The script takes the following args:

- `dataset_base_dir`: Directory containing datasets. The script will try to start trainings for all subdirs of this directory
- `rm_base_dir`: Output directory for the reward models. New models will be saved using the dataset name. I.e. if there is a dataset at `<dataset_base_dir>/<dataset_name>` the output reward model will be written to `<rm_base_dir>/<dataset_name>`
- `dpo_base_dir`: Output directory for the DPO models

```bash
./scripts/run_missing_trainings_and_evals.sh \
    --dataset_base_dir /path/to/datasets \
    --rm_base_dir /path/to/reward_models \
    --dpo_base_dir /path/to/dpo_models
```

## Sweeping

The script supports WandB sweeps for running hyperparameter searches.

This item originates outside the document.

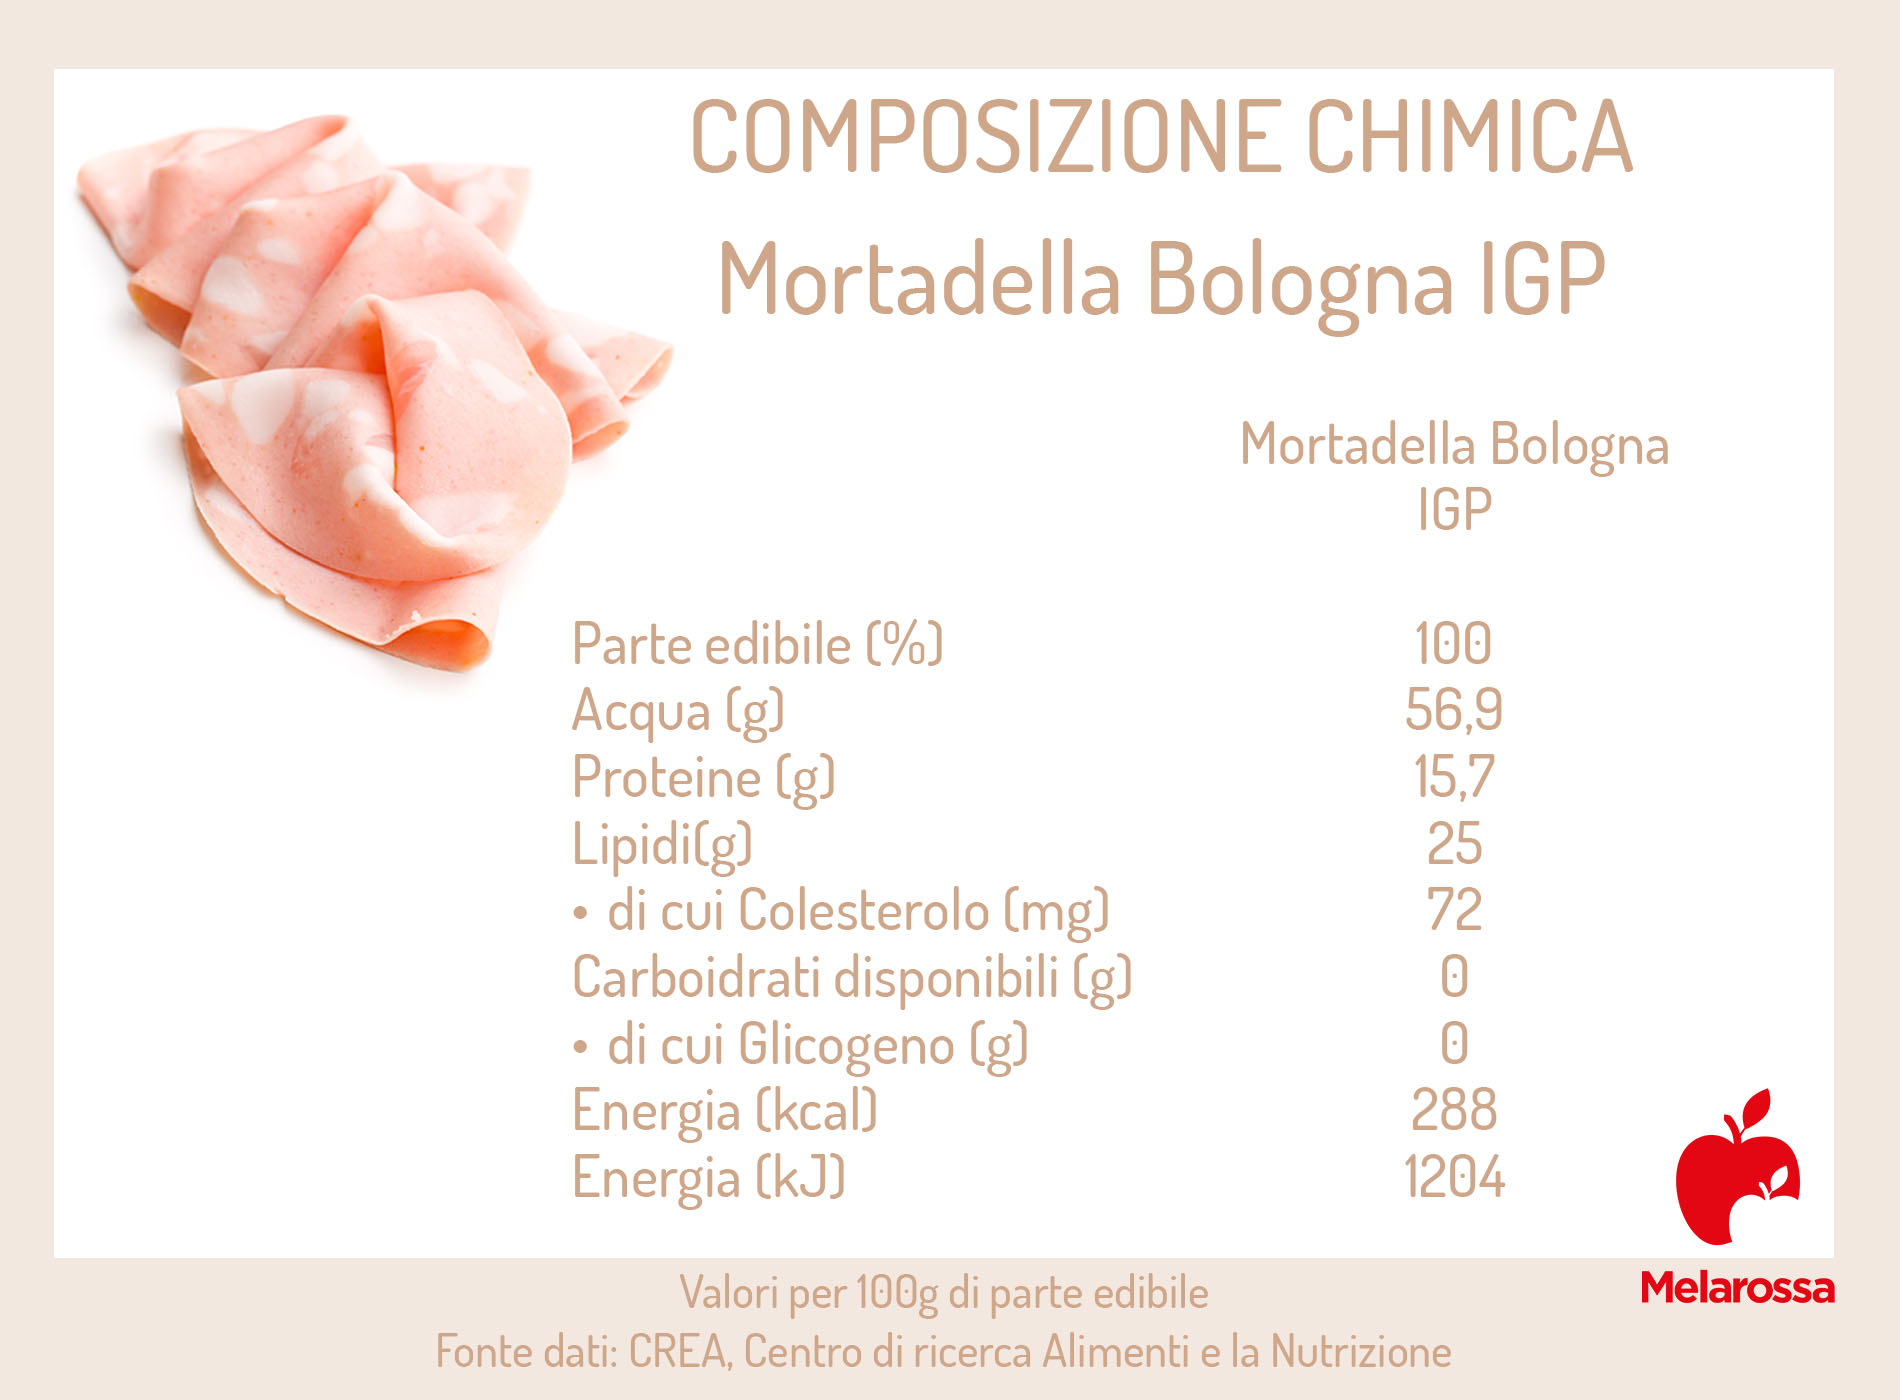 Mortadella Bologna IGP: calorie

1. Create a sweep config file (see `configs/sweeps/full_sweep.yaml` for an example):

```yaml
program: scripts/loop_train_eval.sbatch
method: grid
metric:
  name: "Rewardbench/Mean"
  goal: maximize

command:
  - scripts/loop_train_eval.sbatch 
  - ${args}

parameters:
  outer_loop_batch_size:
    values: [64, 256, 1024]
  replay_buffer_factor:
    values: [10, 100, 1000]
  enn.regularization.initial_value:
    values: [1.0, 10.0, 100.0]
```

2. Create the sweep on WandB (requires wandb CLI - install the uv venv as described in the README):

```bash
wandb sweep --entity ActiveUF --project loop configs/sweeps/full_sweep.yaml
```

3. Launch sweep agents using the sweep runner:

```bash
# Replace <SWEEP_ID> with the ID from step 2
# Replace <N> with the number of runs you want to launch
# Replace <MAX_PARALLEL> with the max number of jobs to run simultaneously
sbatch --array=1-<N>%<MAX_PARALLEL> ./scripts/sweep_runner.sbatch
```

Each job will pull hyperparameters from WandB and run the full pipeline with those settings.